Using only the entries below, output the lines starting at the one containing "101 บทสนทนาจีน พร้อมใช้ในร้านอาหาร" and ending at the one containing "Work handbag Balenciaga", exactly and inclusive of both, omitting the pictures.

[Task input]
-*-*-
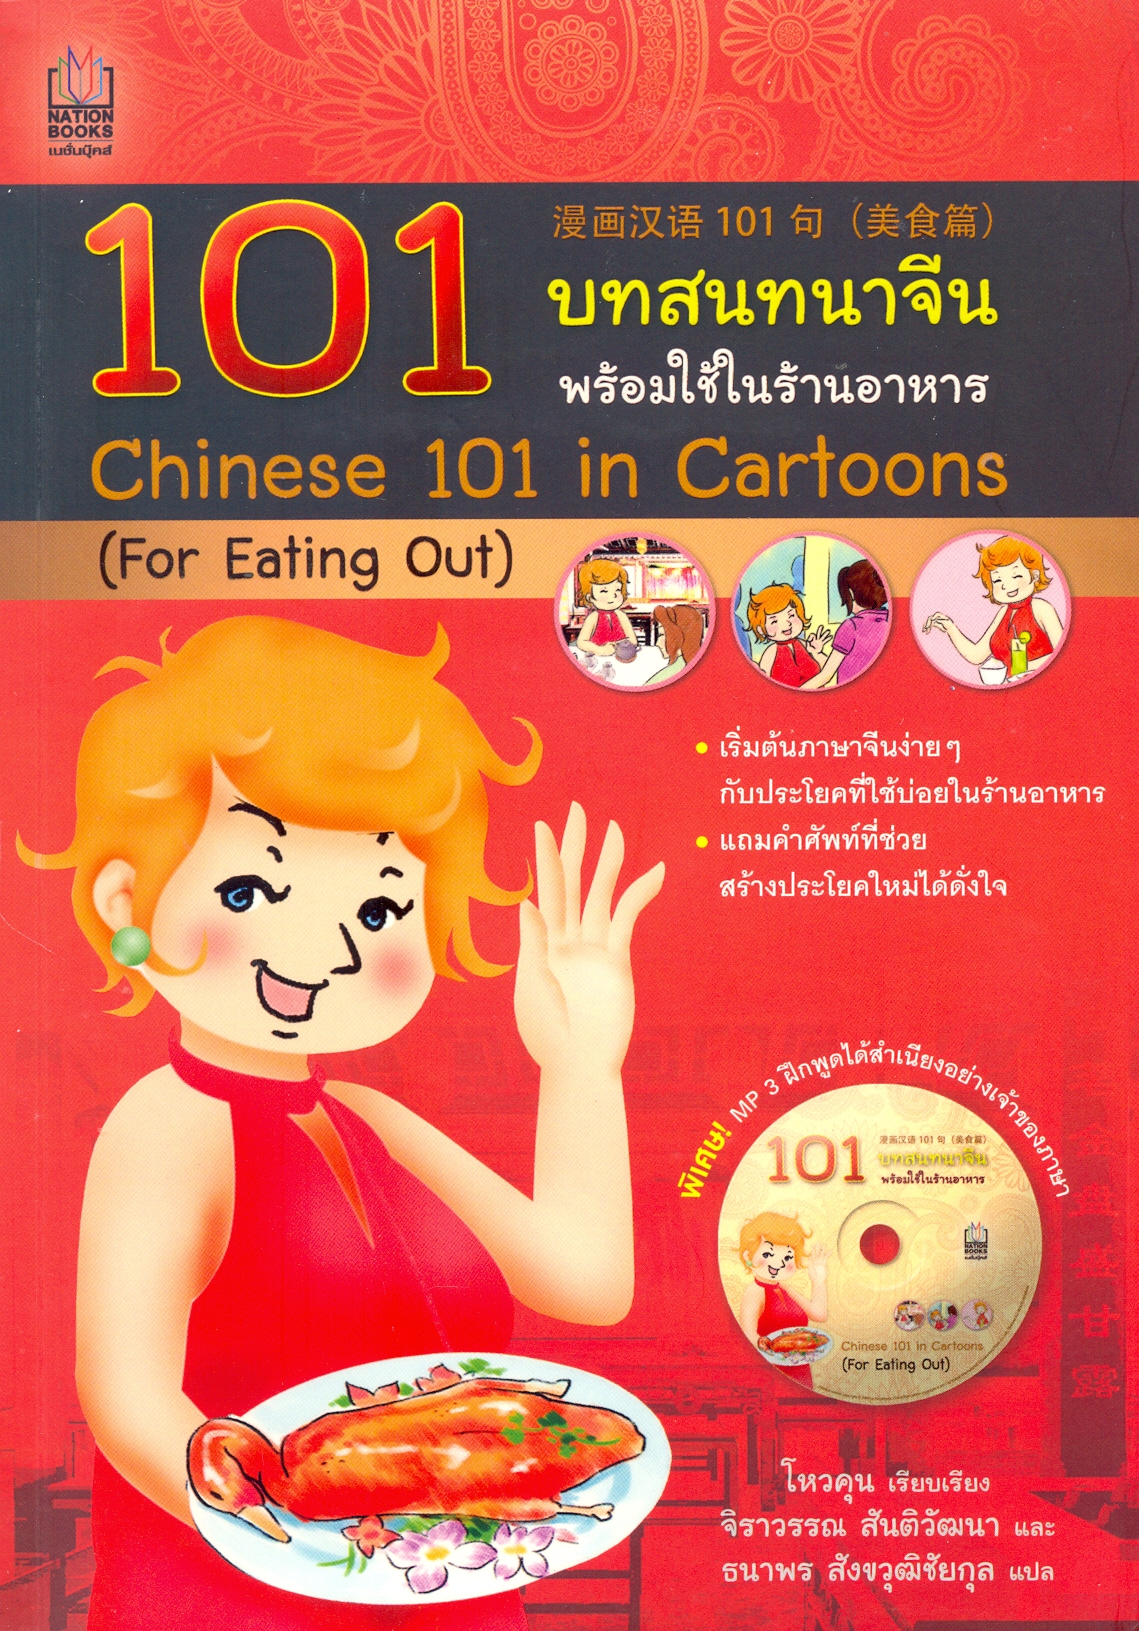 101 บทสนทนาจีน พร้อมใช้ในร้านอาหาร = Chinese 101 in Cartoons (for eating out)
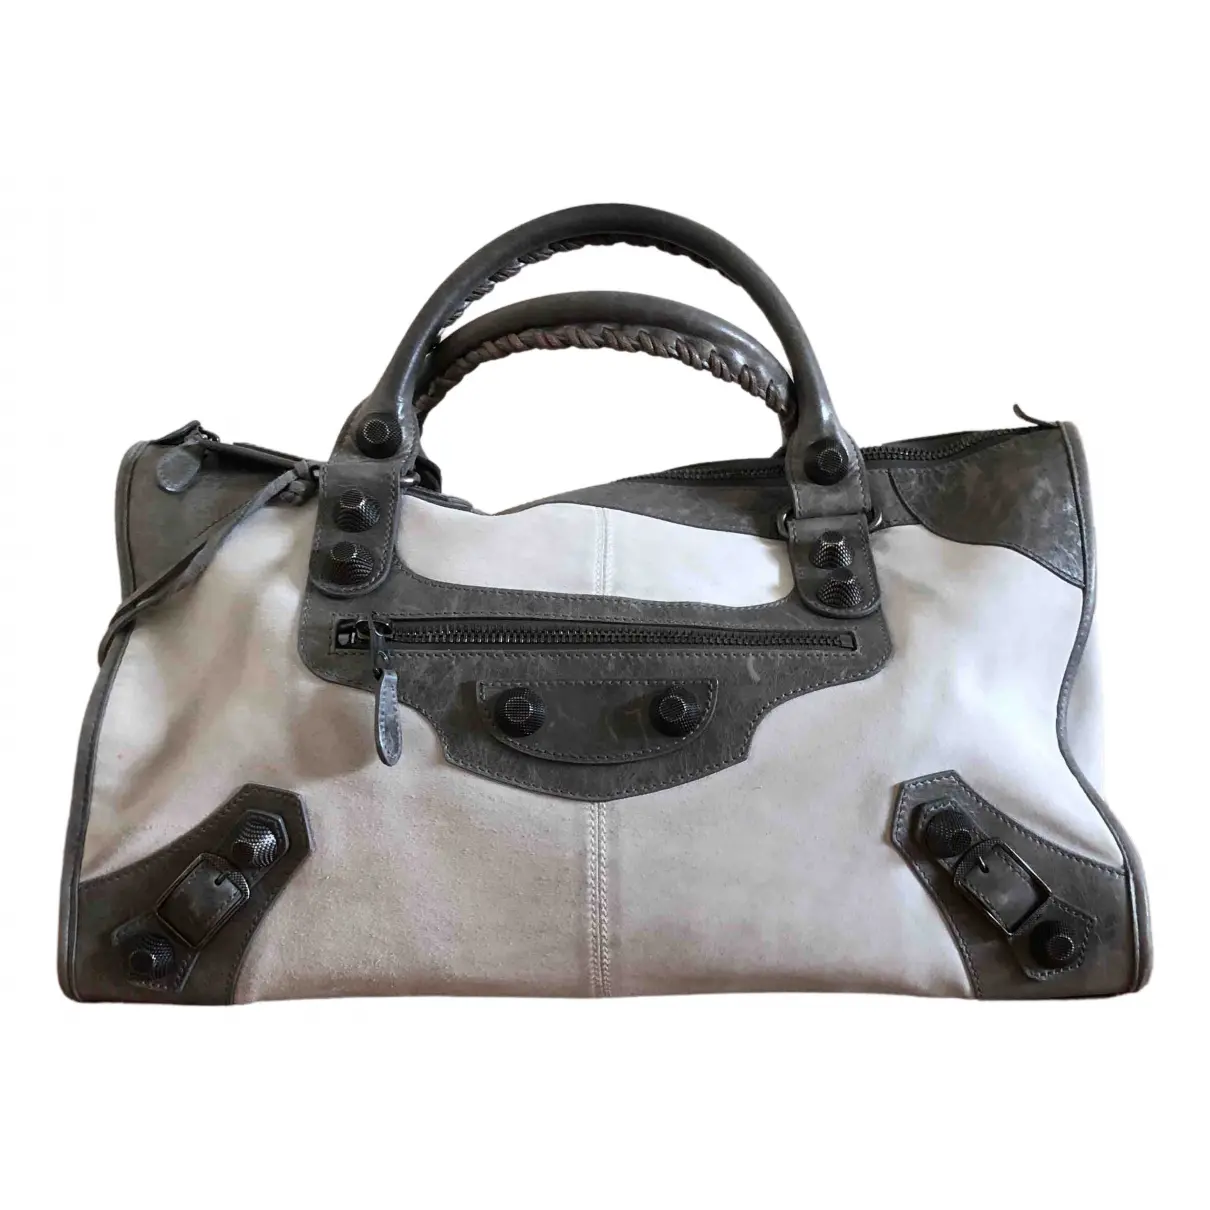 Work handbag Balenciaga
-*-*-
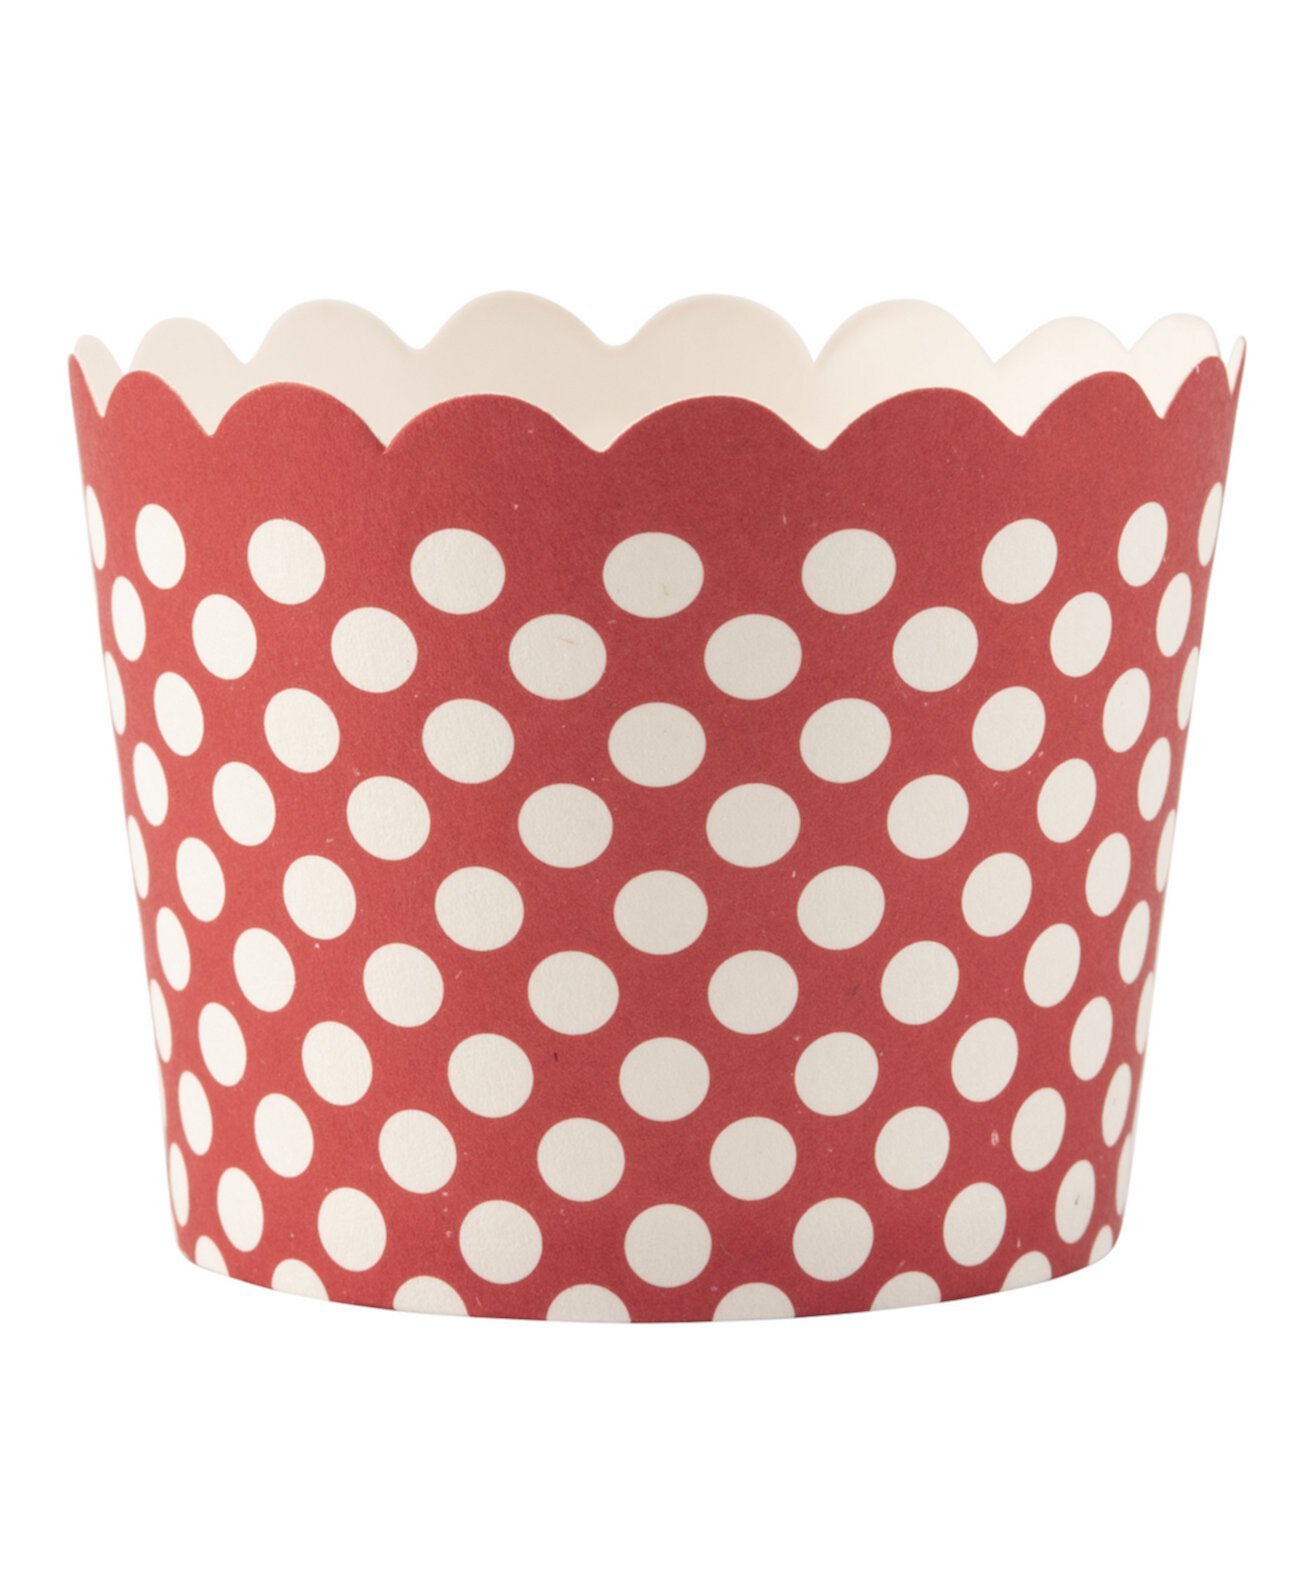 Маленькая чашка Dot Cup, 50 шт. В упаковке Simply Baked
-*-*-
[Answer for this exercise]
 101 บทสนทนาจีน พร้อมใช้ในร้านอาหาร = Chinese 101 in Cartoons (for eating out)
 Work handbag Balenciaga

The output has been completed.